Foxcatcher is a film anchored by very strong performances and I think it's a pity that Channing Tatum isn't getting any awards nods as he's just as good as Carrell and Ruffalo. Yes really. The wrestling is all very weird though and never have I felt so uncomfortable watching men in lycra grope each other.

Speaking of another seminal Channing Tatum performance; I watched 22 Jump Street at the weekend, found it entertaining and applaud the mid movie rant from an A list alpha male star about how casual homophobic slurs are really unacceptable.

Over the holidays I read The Hunger Games trilogy which I had never got round to doing. The first installment is a strong, YA, dystopian, novel.
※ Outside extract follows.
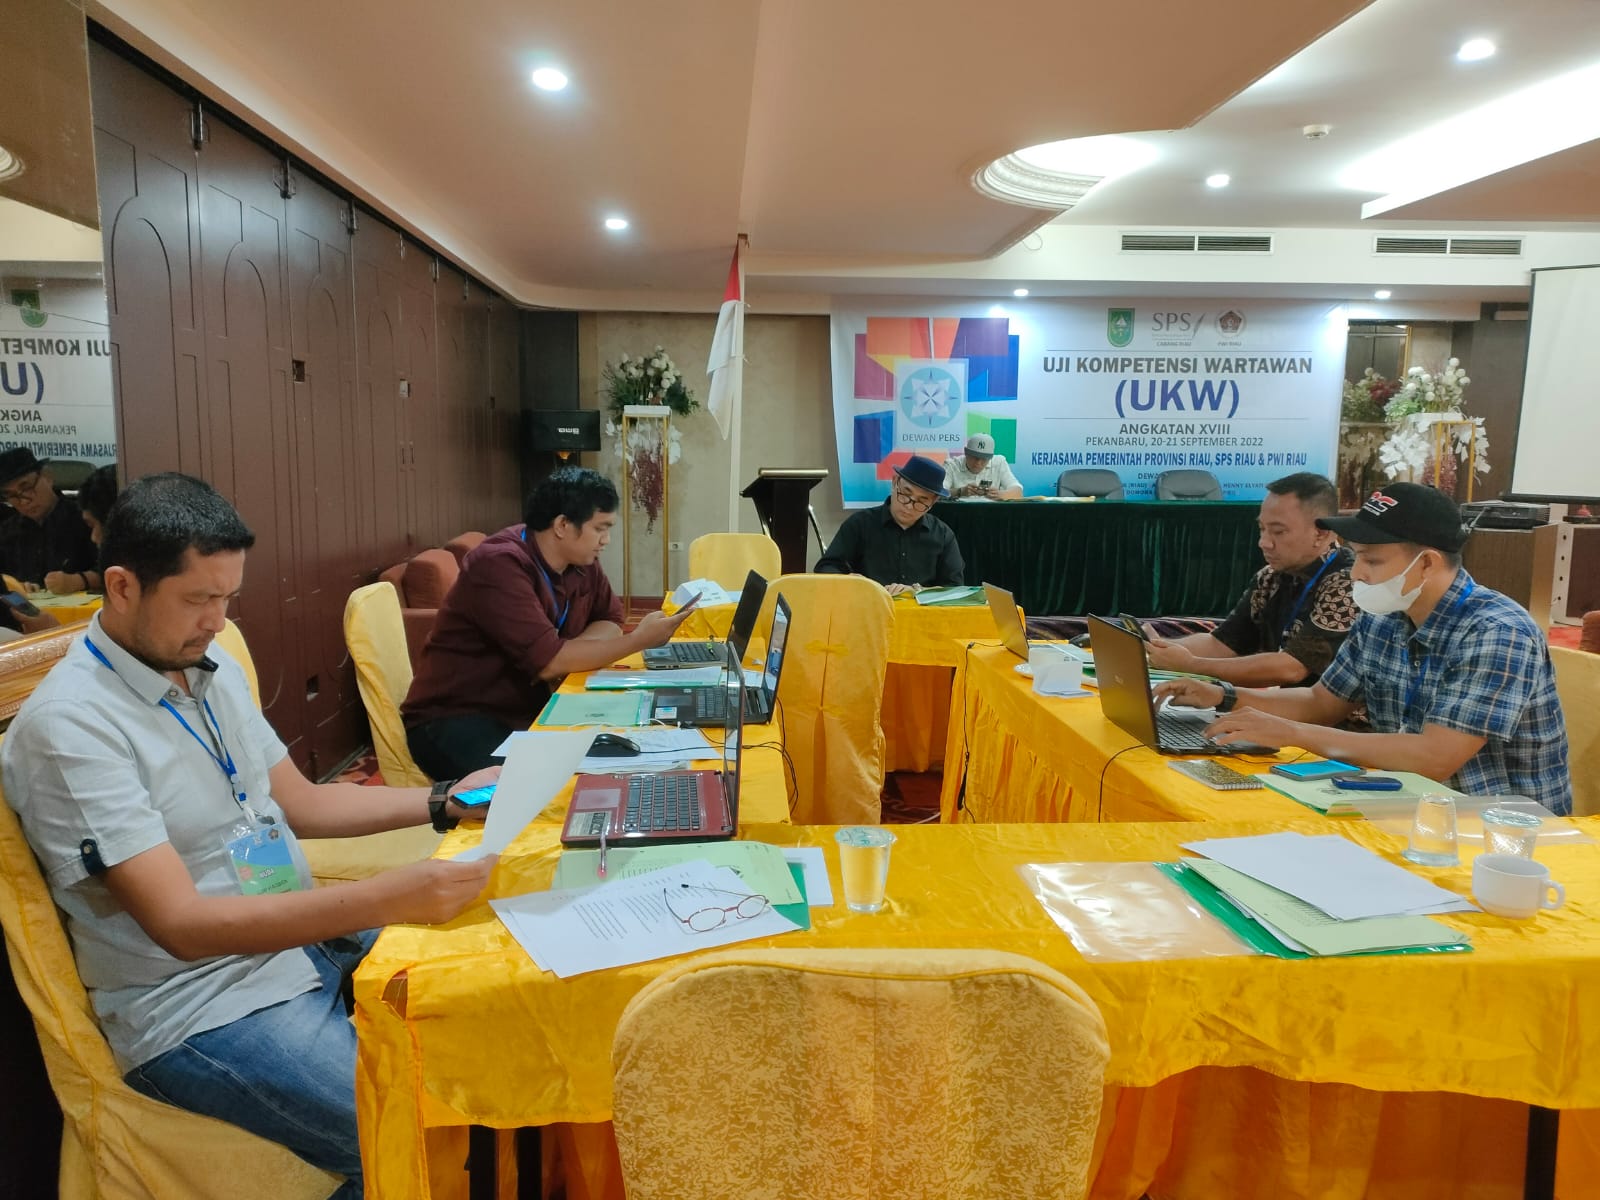 Gratis, Buka 10 Kelas UKW PWI Riau Angkatan XIX Digelar 19-20 Oktober

Book 2 and 3 are filler cash ins and unnecessary which also goes a long way to explaining why the first film is so much better than the ones that have followed.

Also read from the books pile is Clothes, Clothes, Clothes, Music, Music, Music, Boys, Boys, Boys by Viv Albertine. I had never heard of Albertine until the publication of her autobiography last year and a review in The Guardian quoting an anecdote from it where Albertine states that Johnny Rotten complained like Kenneth Williams about the way she was performing oral sex on him. That is my kind of anecdote. Albertine was a prominent member of the London punk scene and was the guitarist in all girl punk band The Slits. The likes of The Clash, Sid and Nancy, Chrissie Hynde, Patti Smith, Vivianne Westwood, Malcolm McLaren and erm, Tom Hiddleston (No I have no idea how anyone's life goes from Sid Vicious to Tom Hiddleston either, it probably involves moving from less heroin to more tea though) wander in and out of her story but it never feels like name dropping as she comes across as so, well, normal. It's a good read and a far more nuanced than Caitlin Moran's How to Be a Woman which it's, subtly, thematically like.